More tangibly, there are already applications of law that seem to encroach within the realm of vigilante justice. For example, citizen’s arrest, allowable in most states under varying degrees, describes an arrest made by a private individual without a warrant. California Penal Code Section 837 states that “a private person may arrest another: 1) for a public offense committed or attempted in his presence. 2) when the person arrested has committed a felony, although not in his presence. 3) when a felony has been in fact committed, and he has reasonable cause for believing the person arrested to have committed it.” Note that in California citizen’s arrest applies to only felonies; some other states also extend citizen’s arrest to misdemeanors or breaches of peace.

Citizen’s arrest seems to speak to the validity of vigilantism, suggesting that individual involvement within law enforcement could be necessary or even desirable at times. However, a legitimate citizen’s arrest must adhere to a stringent set of qualifications, limiting it in scope of application. Citizen’s arrest commonly permits only reasonable, or not more than necessary, use of force, and only in the process of subduing the other person. Additionally, it is contingent upon the actual occurrence of a crime, with less leniency for mistakes than the standard that law enforcement is held to. Those who exceed the permitted limitation of force, or those who arrest someone who has not actually committed a crime, risk criminal and civil liability.

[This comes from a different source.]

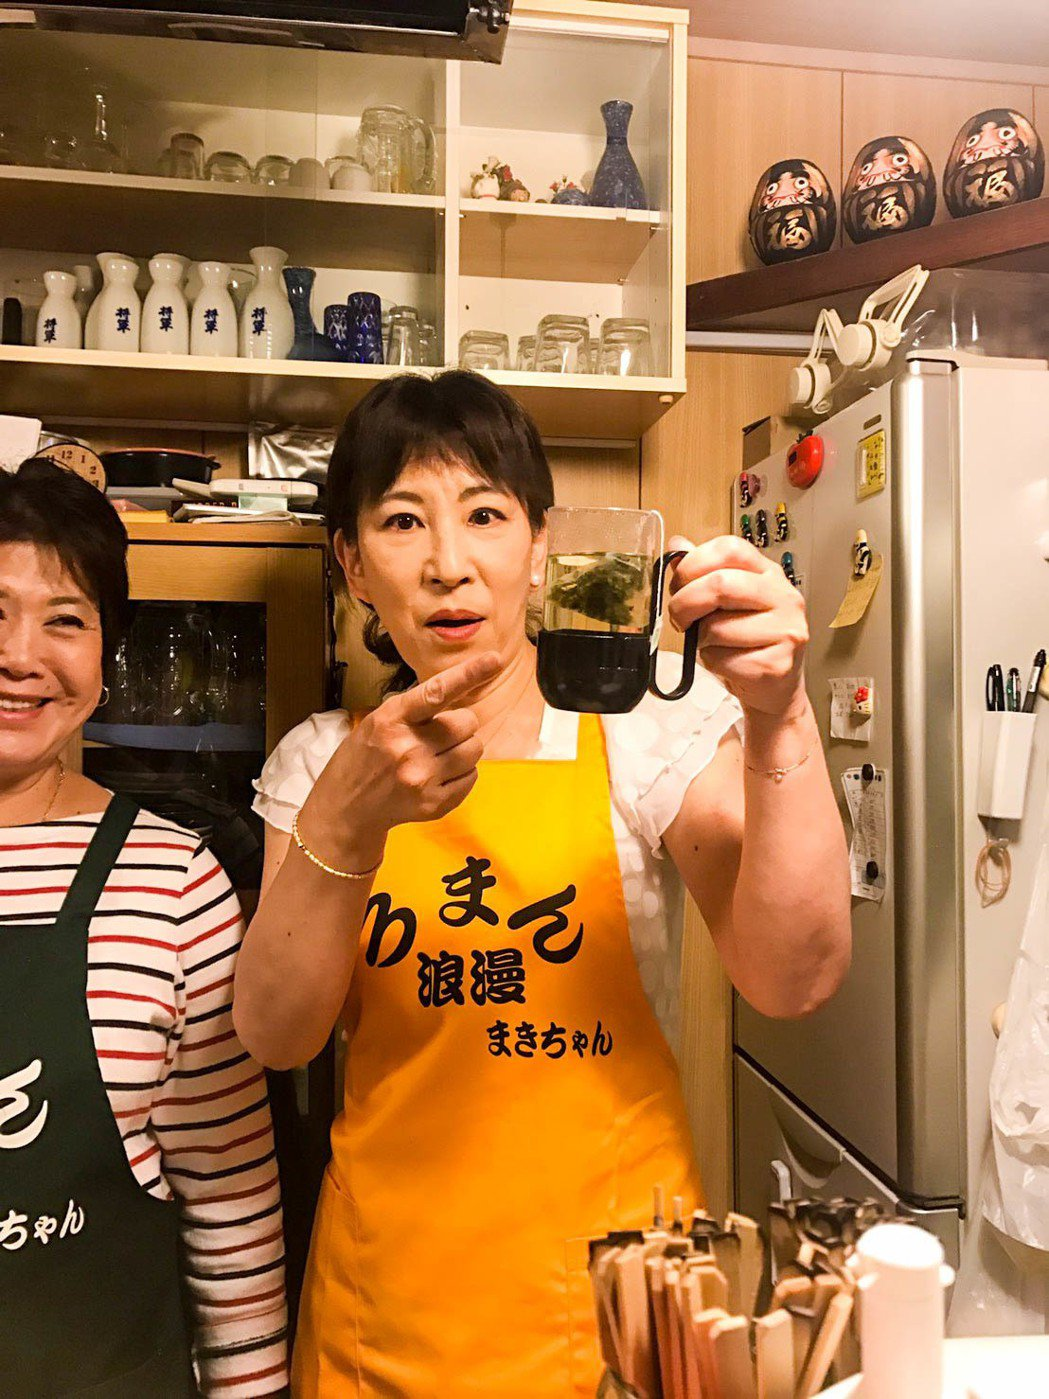 日本民眾喝到阿里山高山茶為之驚艷。圖/ 翁章梁團隊提供

Citizen’s arrest, as well as the previously described neighborhood watching programs and pedophilic hunters, thus all fall short full vigilantism. Each case involves only the apprehension of others, stopping before the implementation of extrajudicial punishment. They ensure that individual safeguarding of laws do not veer into the realm of actuary enforcement, establishing an order and systematic approach to control their effects by involving repercussions for the abuse of power. These applications thus escape much of the dangers associated with vigilante justice.

Aspects of vigilantism seem embodied and in fact promoted in our society, tracing its days in history back to the very creation of our nation. However, there are other components that the law explicitly disavows, allowing our system of governance to channel vigilante enthusiasm and willingness into a positive force.